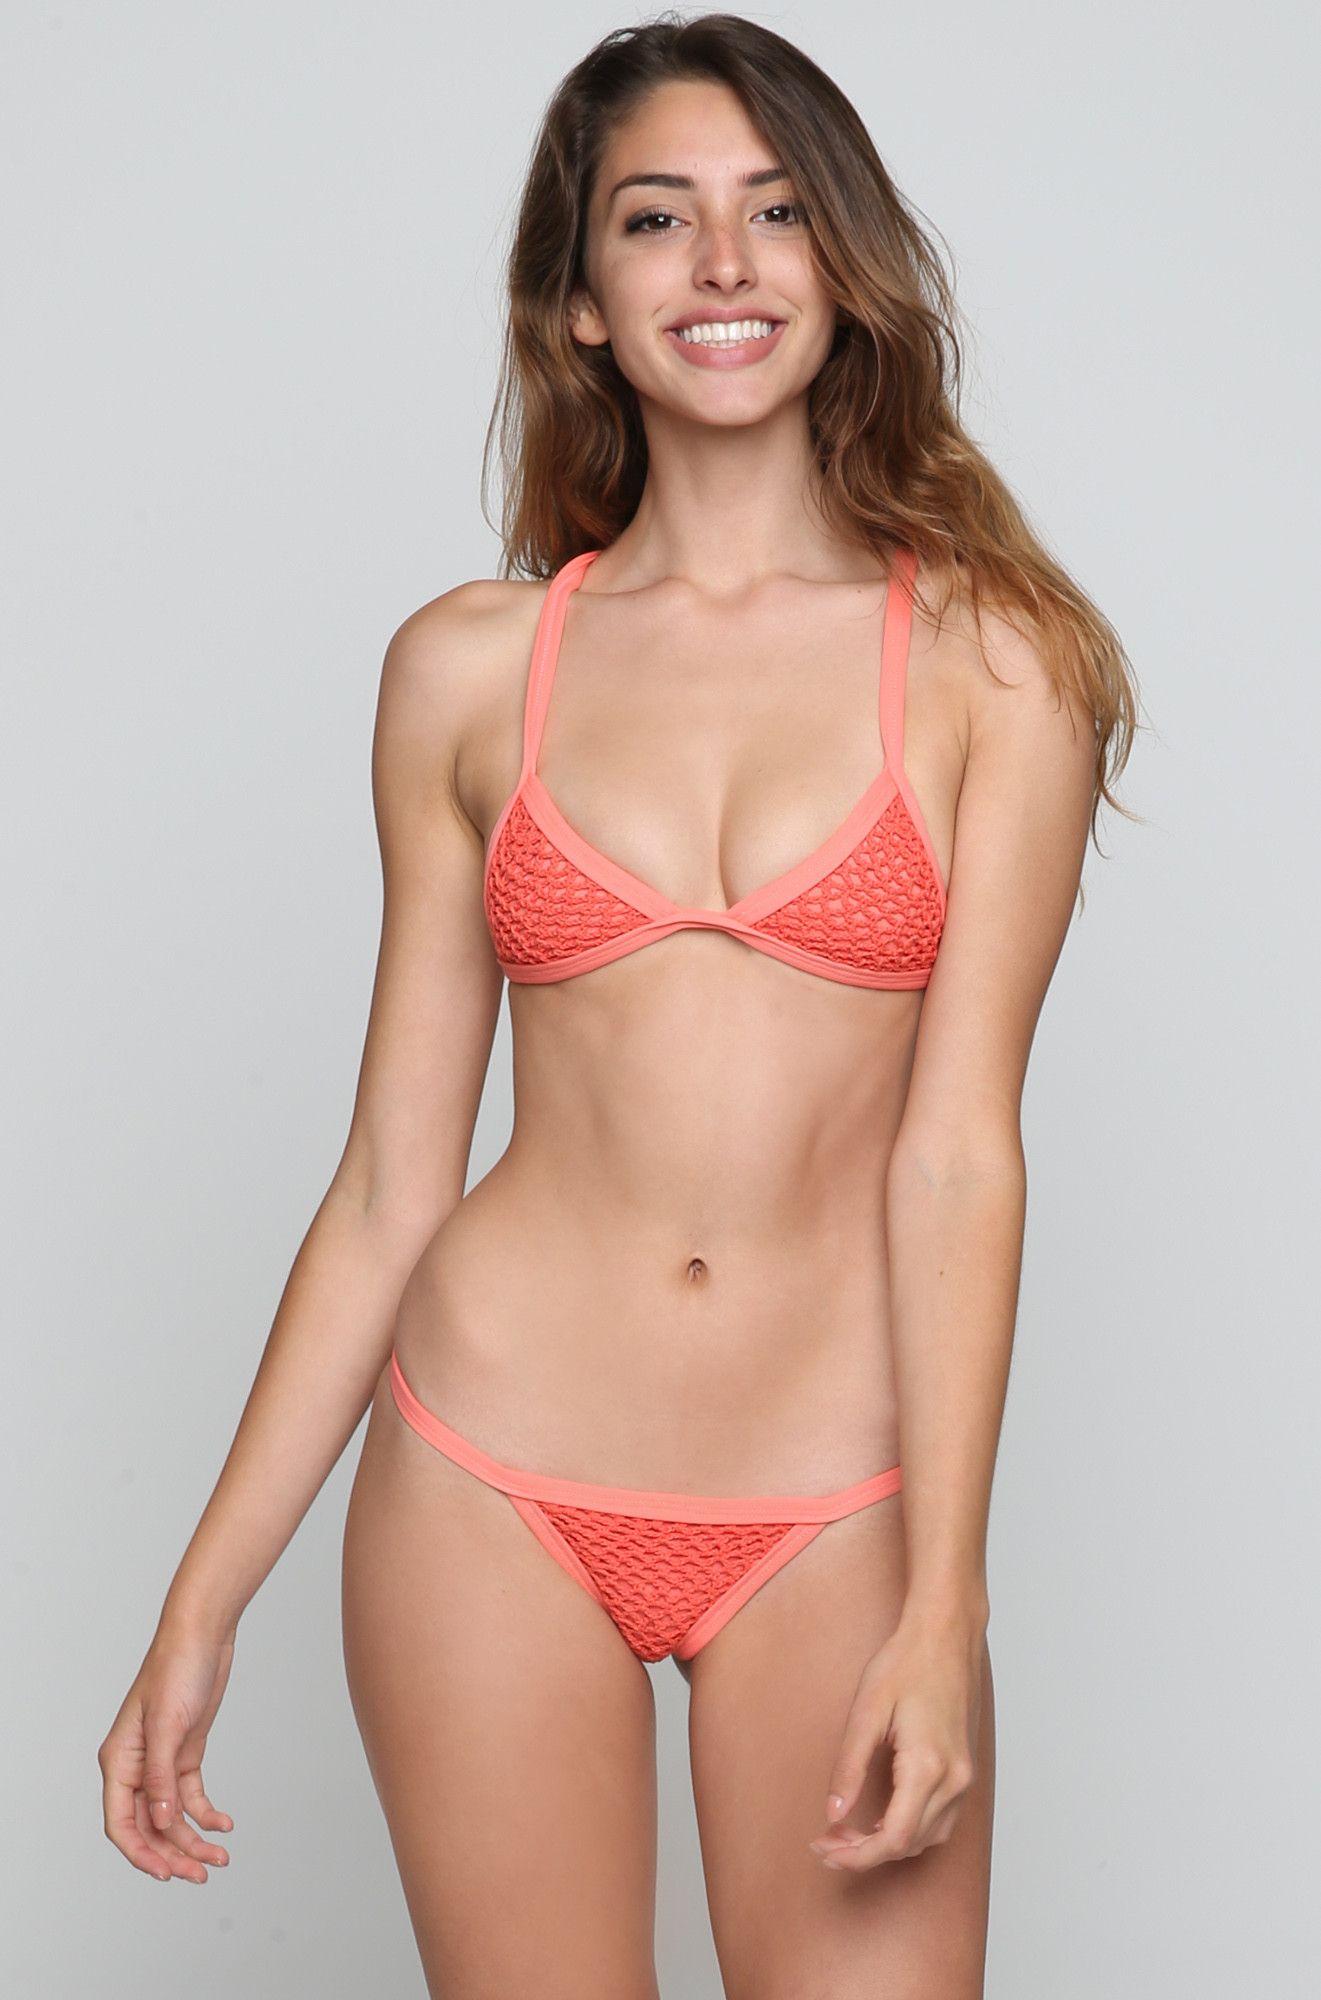 Posh Pua Kainalu Crochet Bikini Top - Papaya >> http://ss1.us/a/C65VmC2s
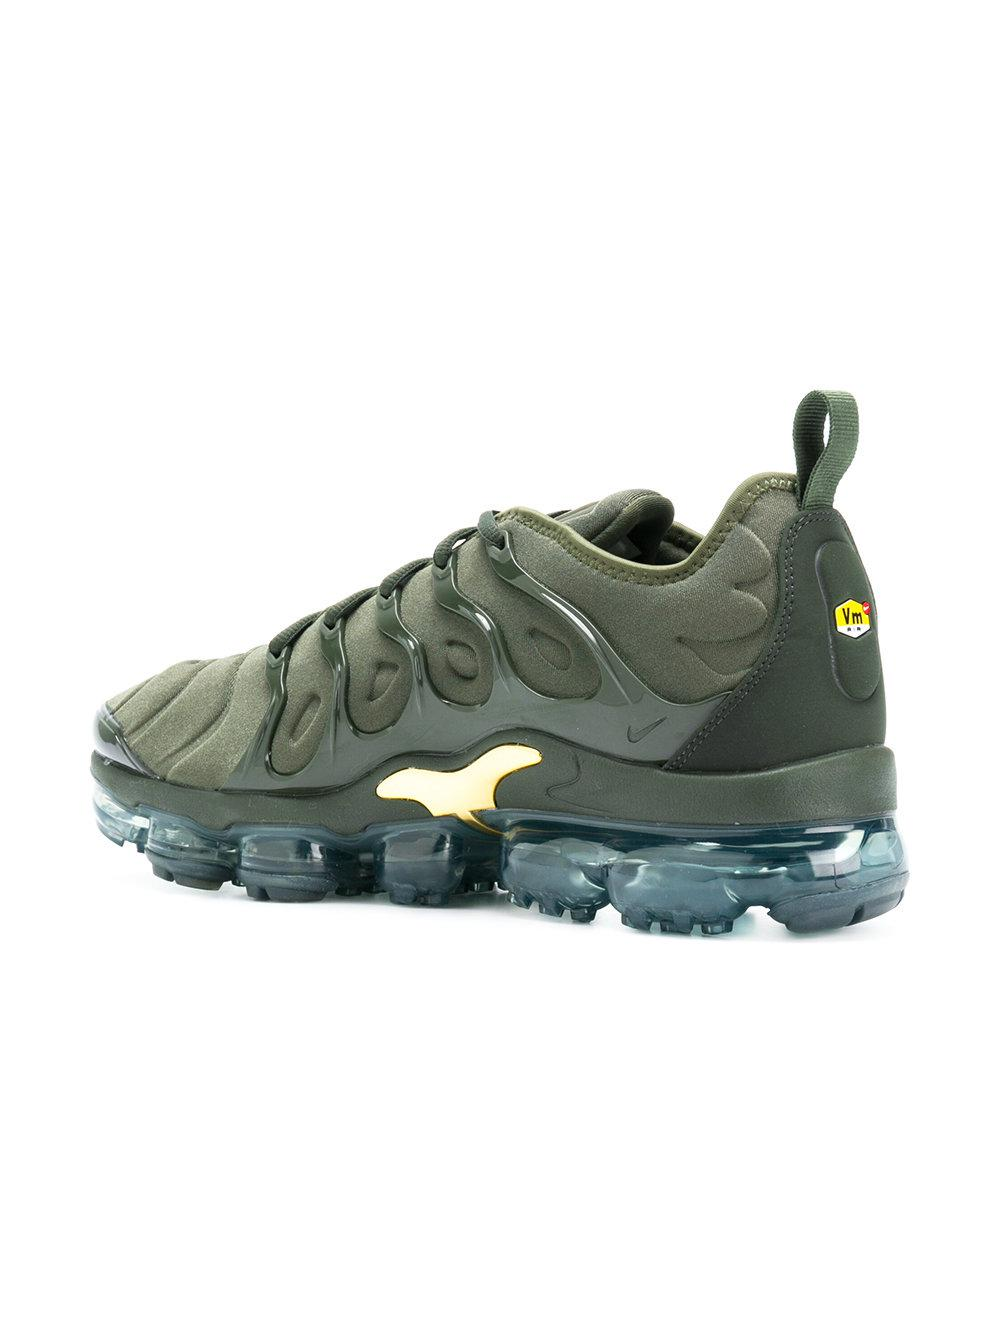 best sneakers f2462 dd3e0 Nike Green Air Vapormax Plus Tn Sneakers for men
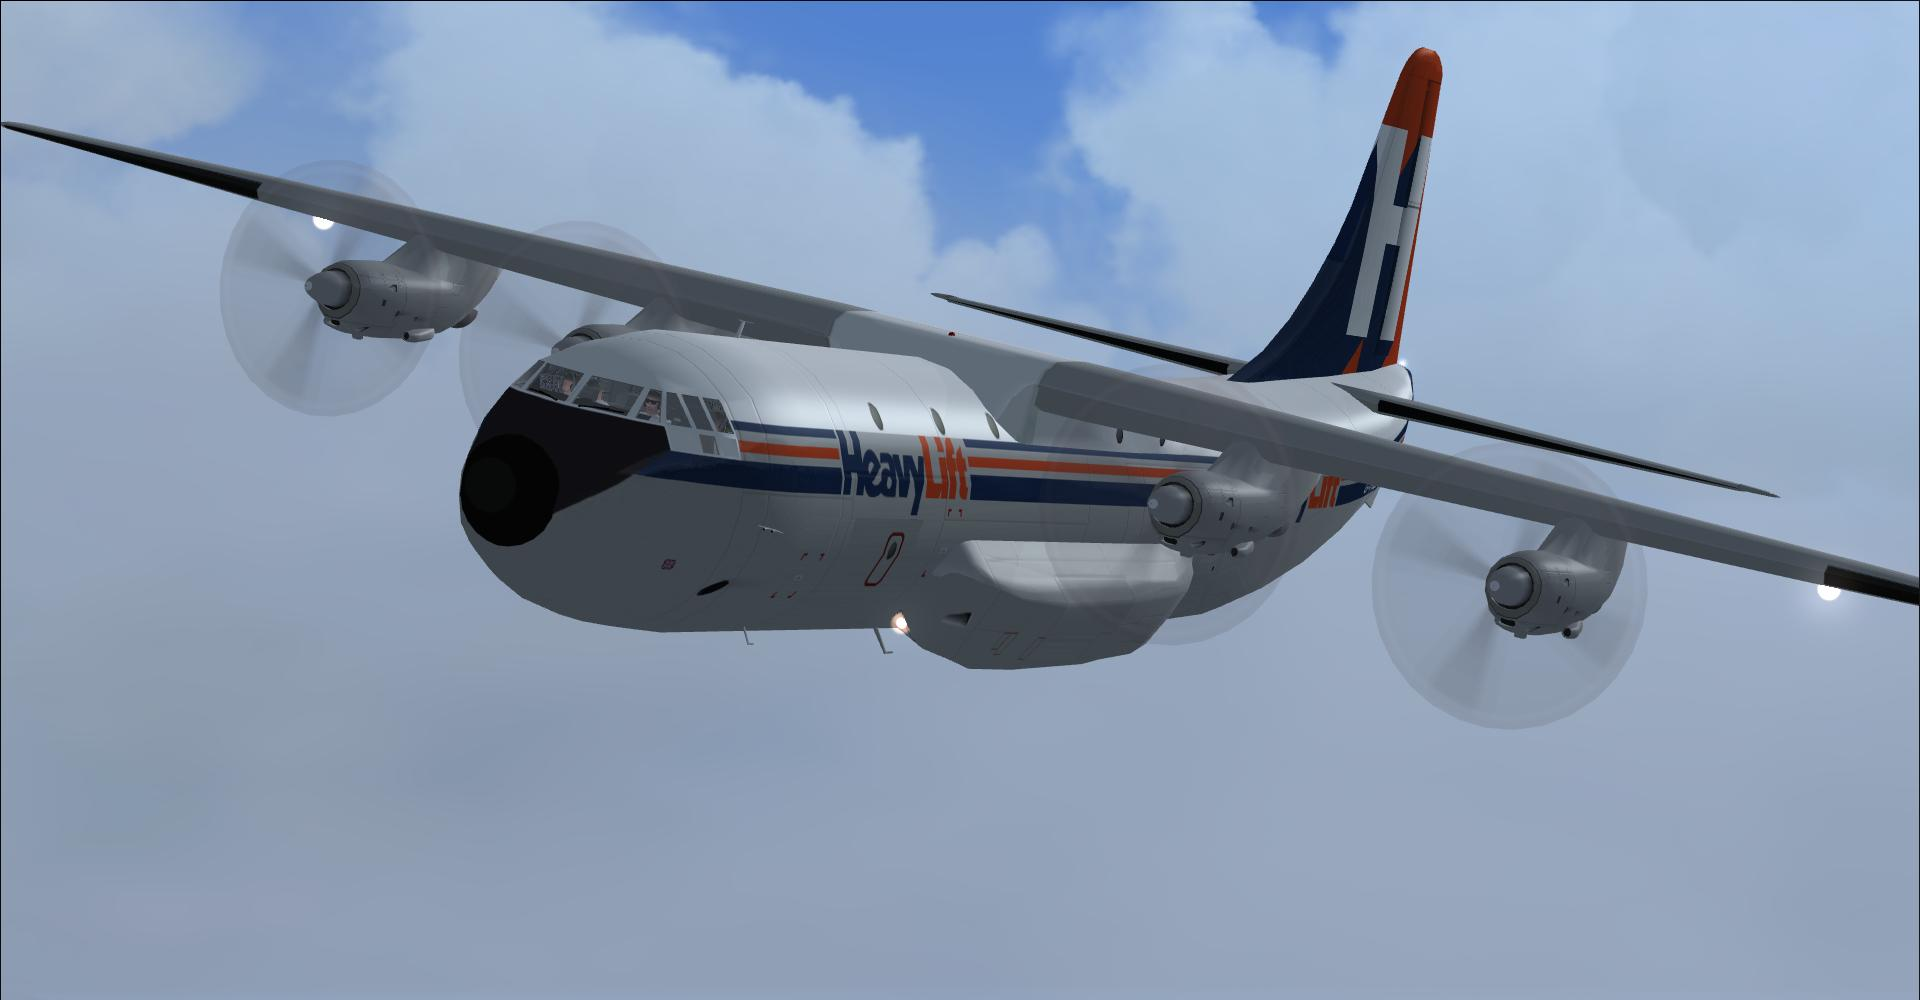 P3dv4 Addon Aircraft

▶ _Exercise_: Output the data above exactly, excluding images.

▶ _Result_:
 Posh Pua Kainalu Crochet Bikini Top - Papaya >> http://ss1.us/a/C65VmC2s
 best sneakers f2462 dd3e0 Nike Green Air Vapormax Plus Tn Sneakers for men
 P3dv4 Addon Aircraft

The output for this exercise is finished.